__INFORMATION SHOWN__
◇ ◇ ◇ ◇ ◇ ◇ ◇
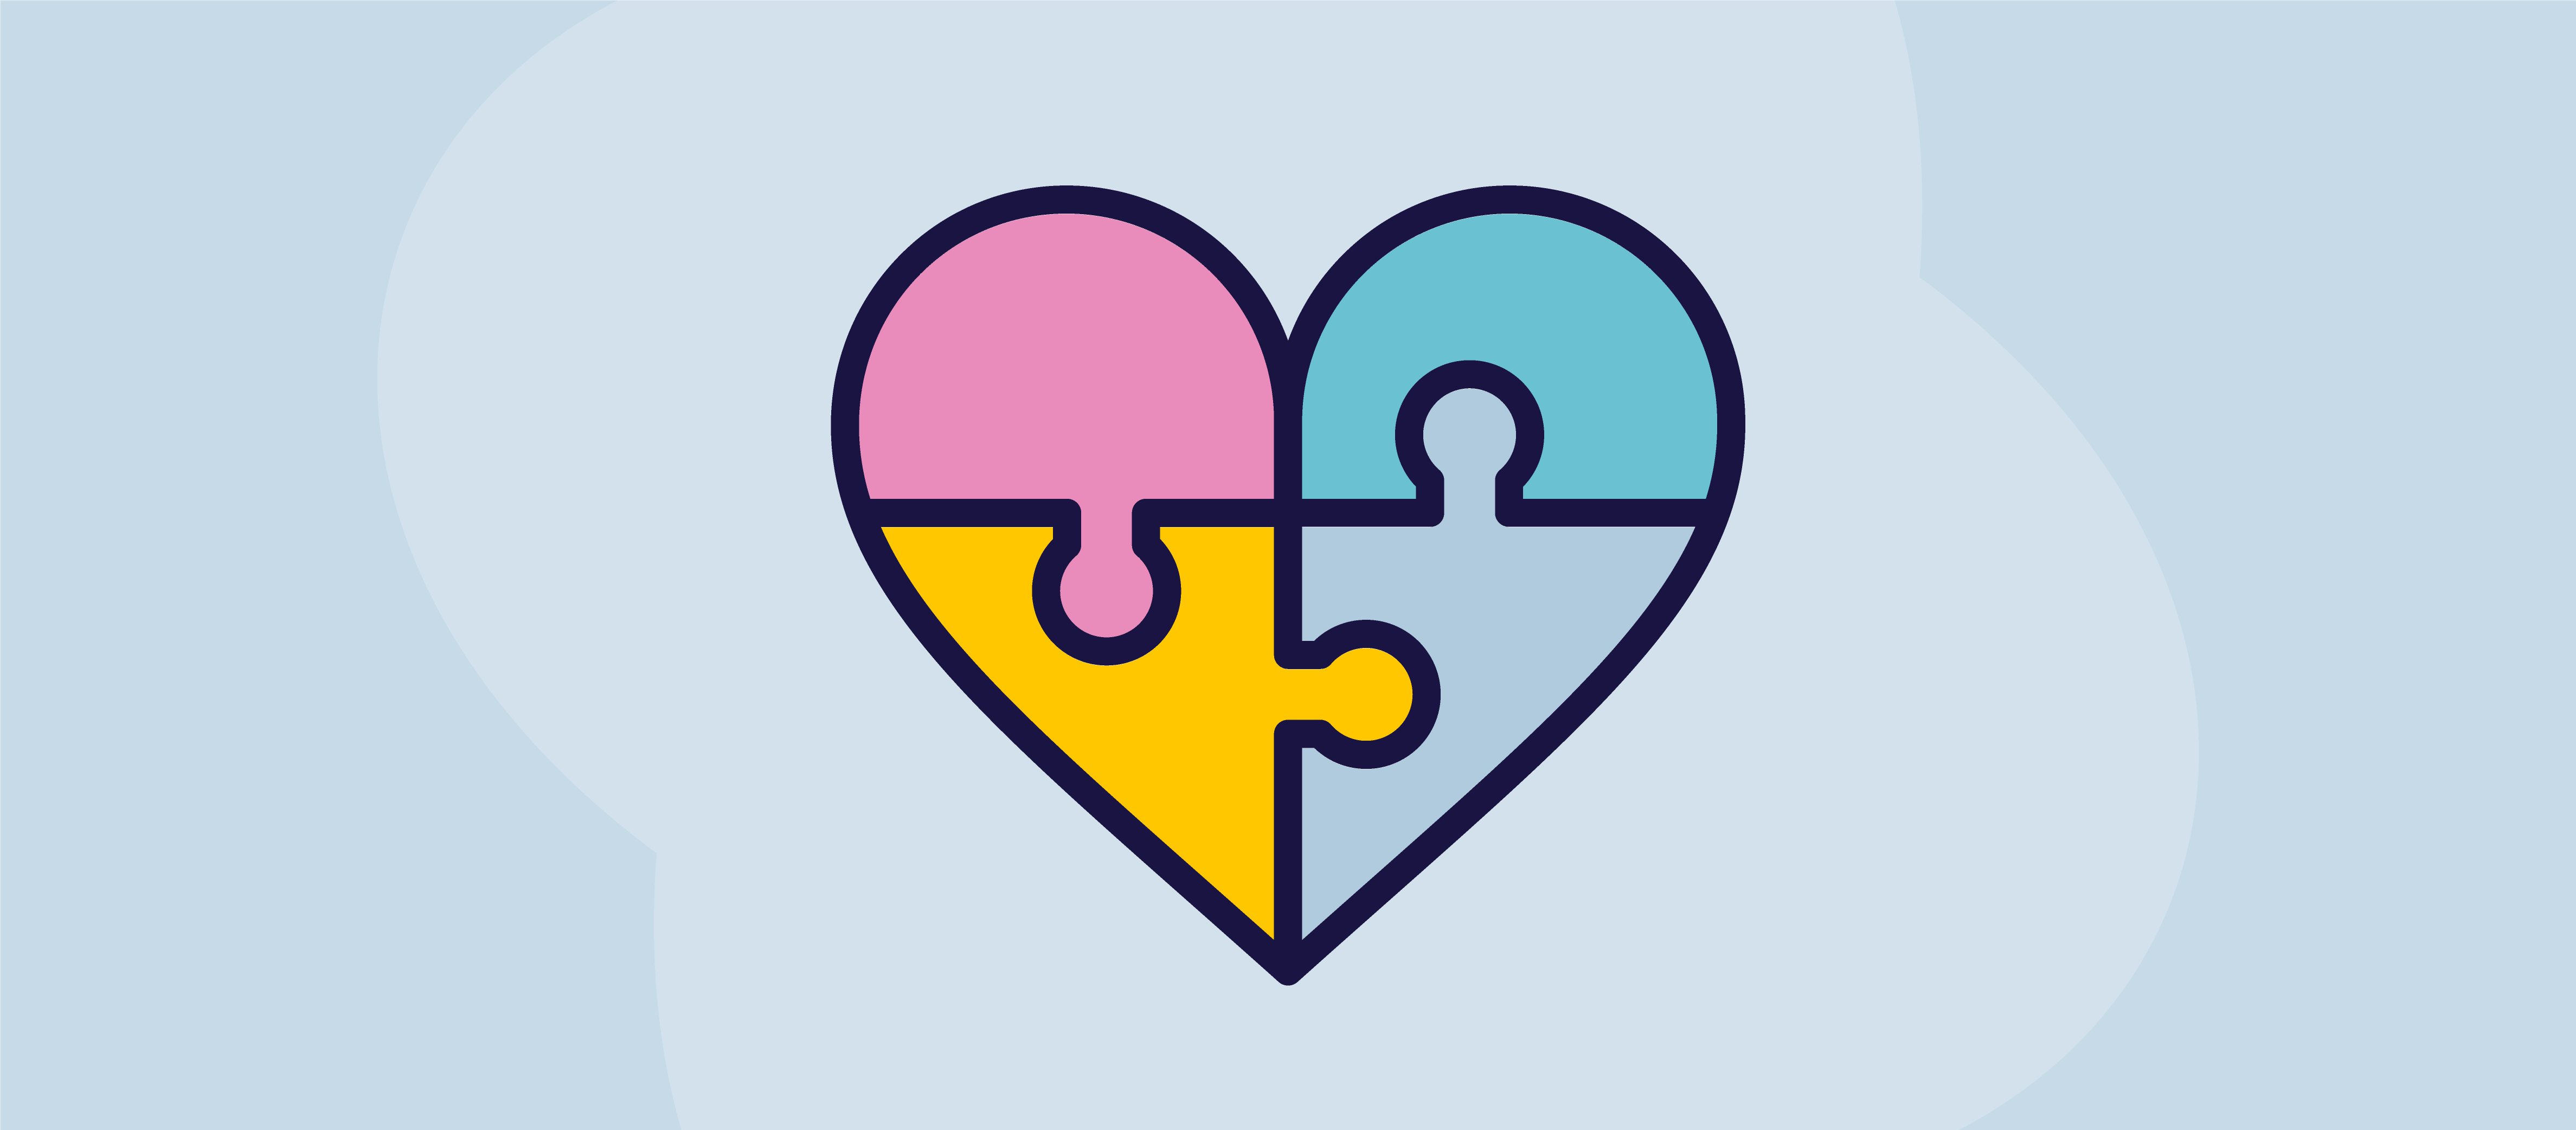 En illustration af et hjerte som et puslespil med fire forskellige farvede brikker, der skal samles for at gøre det komplet.
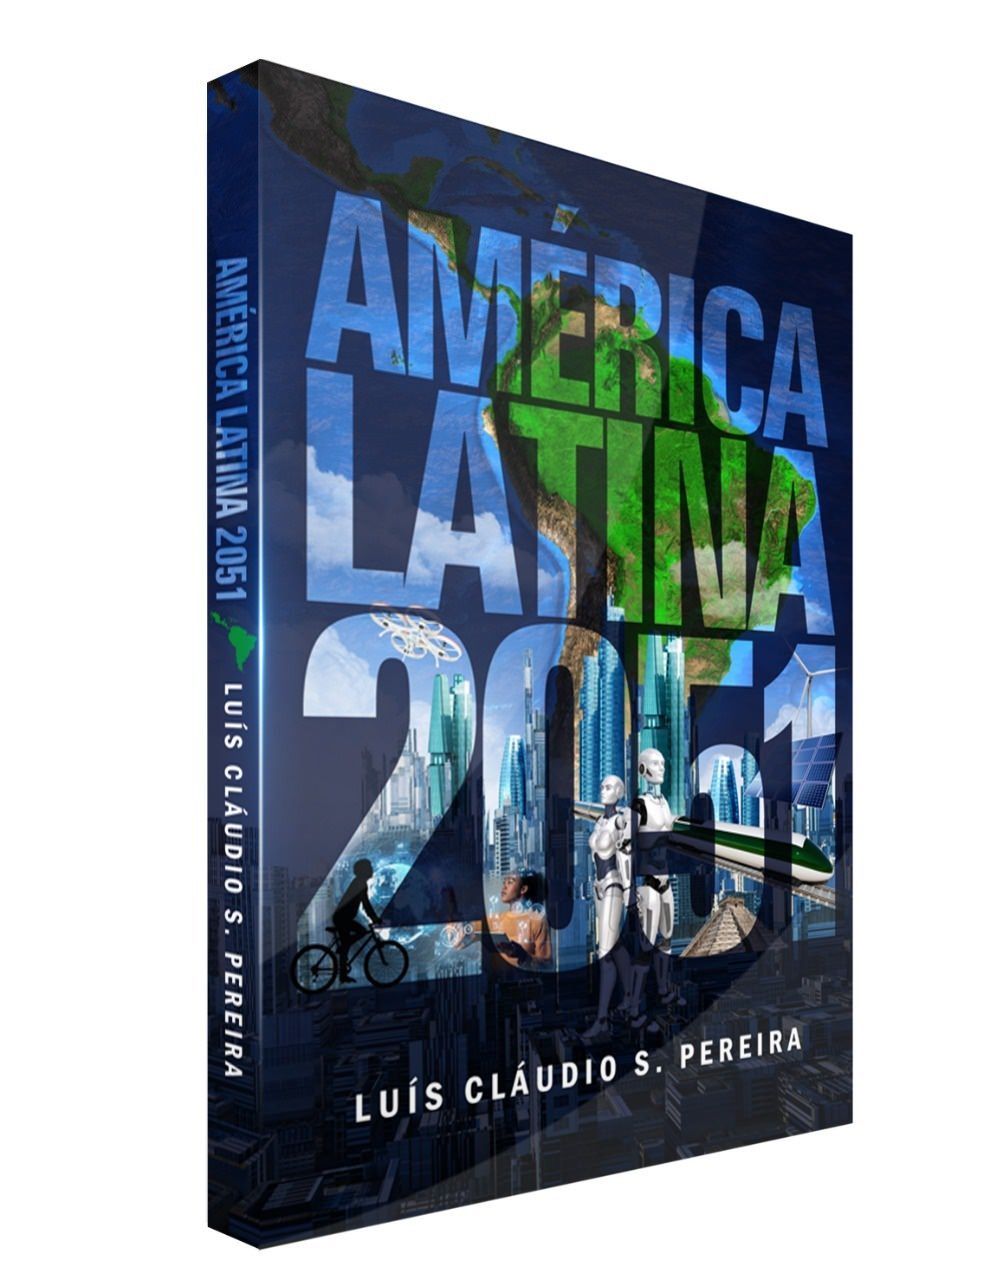 Livre "Amérique latine 2051" par Luís Cláudio S. Poire, couverture. Divulgation.
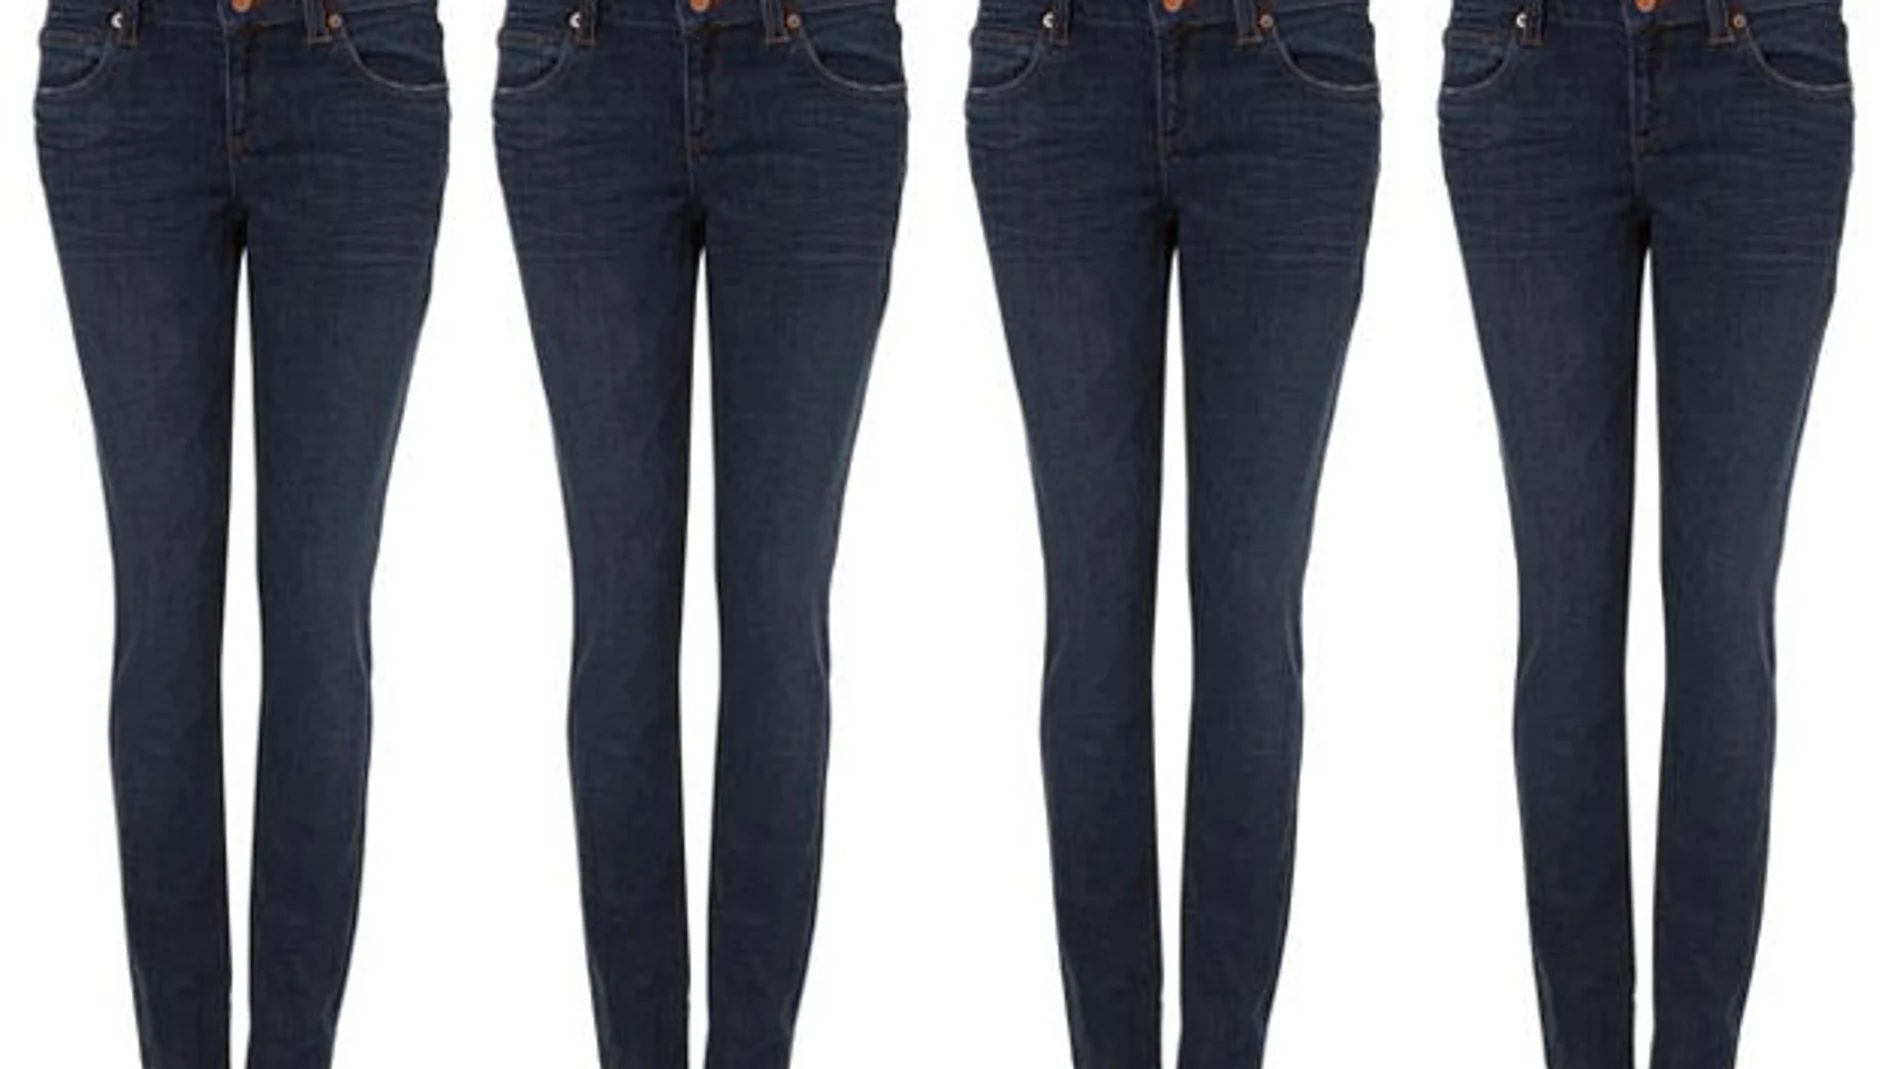 Los skinny jeans, se adaptan muy bien a la piel y estilizan la figura
◇ ◇ ◇ ◇ ◇ ◇ ◇
__YOUR INSTRUCTIONS__
In the listing above, transcribe exactly the lines from the line containing "Poire, couverture. Divulgation." through the last one, both included, but not the pictures.

__ANSWER BELOW__
 Livre "Amérique latine 2051" par Luís Cláudio S. Poire, couverture. Divulgation.
 Los skinny jeans, se adaptan muy bien a la piel y estilizan la figura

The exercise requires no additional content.